[DATA EXTRACT]:
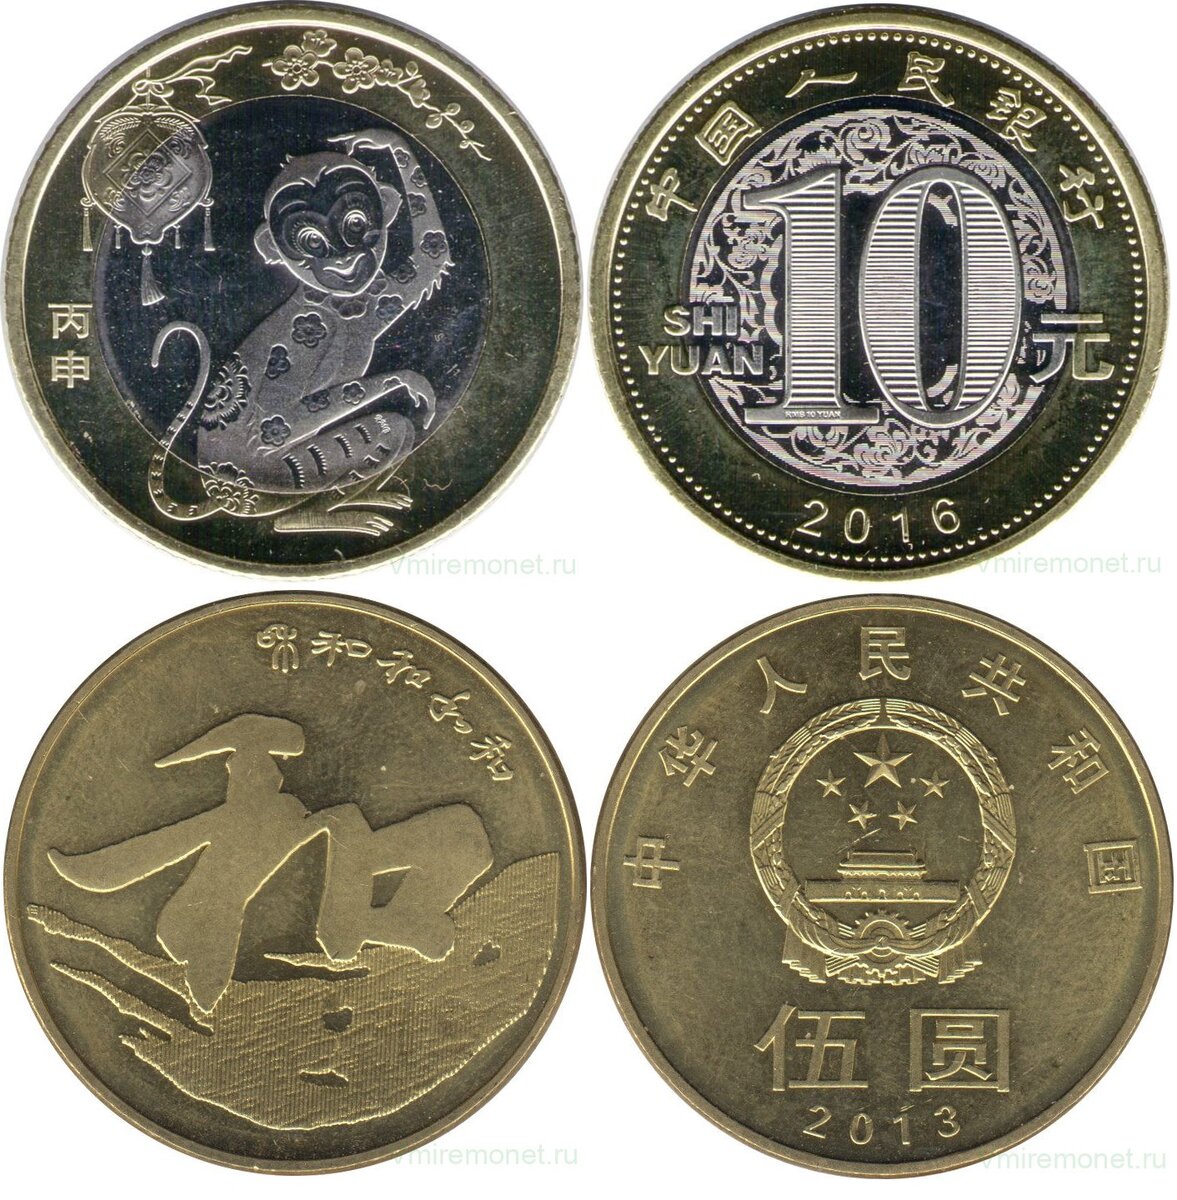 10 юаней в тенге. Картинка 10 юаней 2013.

---

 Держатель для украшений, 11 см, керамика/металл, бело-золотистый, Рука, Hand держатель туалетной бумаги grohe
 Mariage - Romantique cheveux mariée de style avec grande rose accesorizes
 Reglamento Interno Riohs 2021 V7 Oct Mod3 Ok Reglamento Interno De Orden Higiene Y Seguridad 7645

---

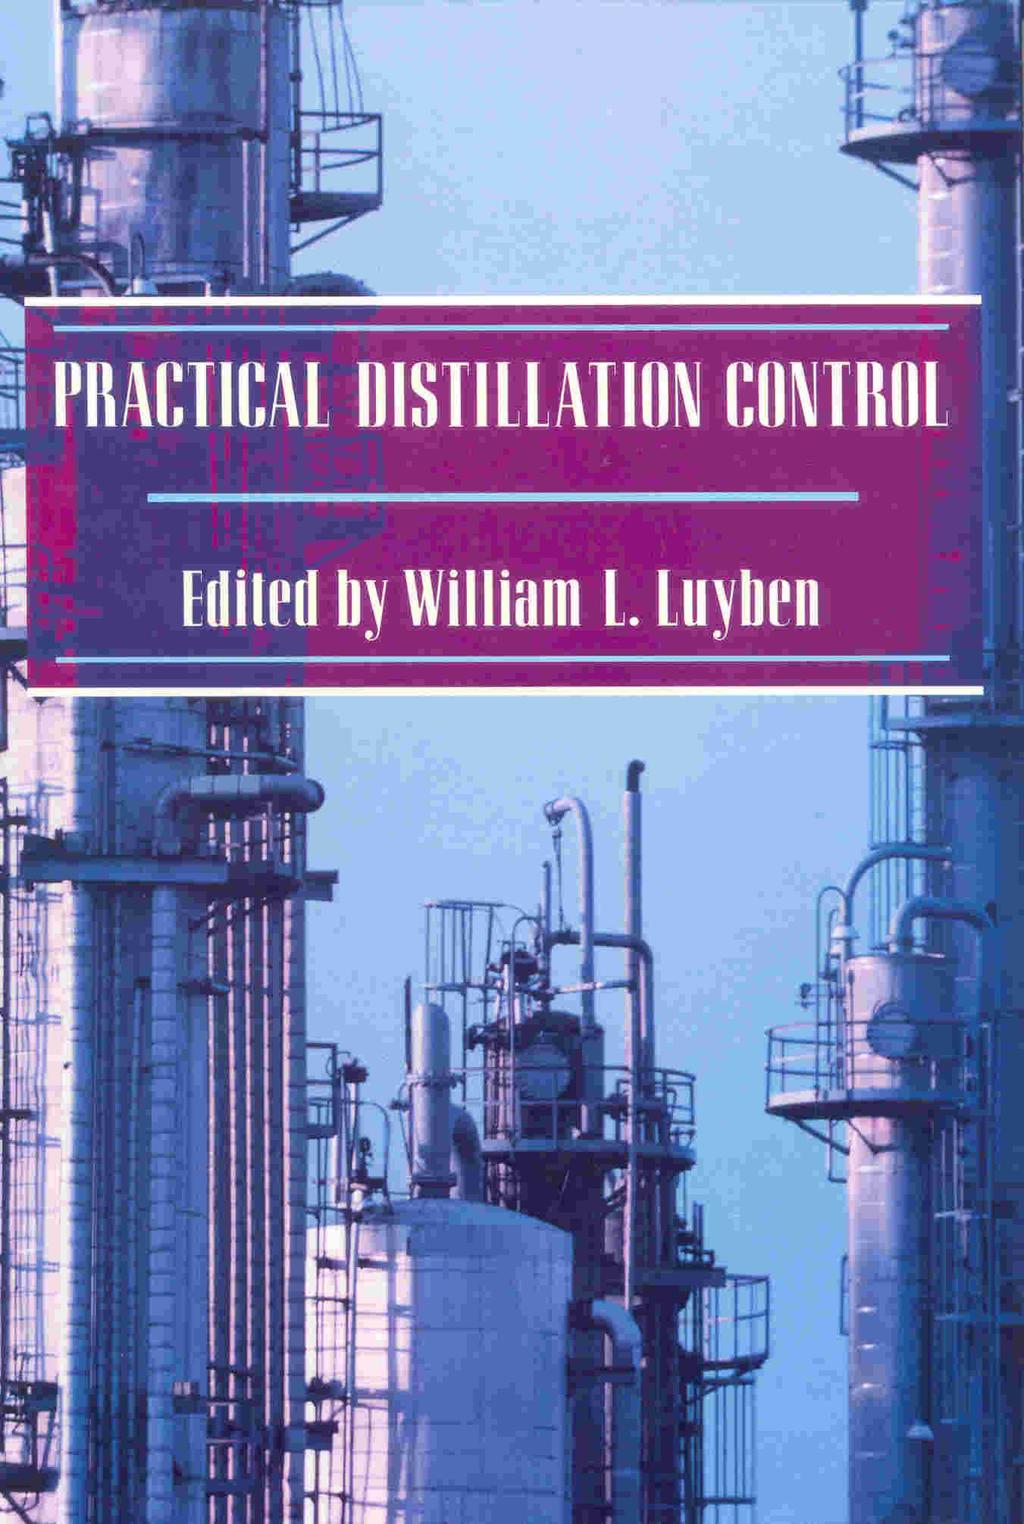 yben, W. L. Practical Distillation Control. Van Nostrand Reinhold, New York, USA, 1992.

[PROBLEM DETAILS]: There is a line with "Mariage - Romantique" and a line with "Reglamento Interno Riohs" above. Copy exactly those two lines and all lines between them, with nothing else.

[PROBLEM SOLUTION]:
 Mariage - Romantique cheveux mariée de style avec grande rose accesorizes
 Reglamento Interno Riohs 2021 V7 Oct Mod3 Ok Reglamento Interno De Orden Higiene Y Seguridad 7645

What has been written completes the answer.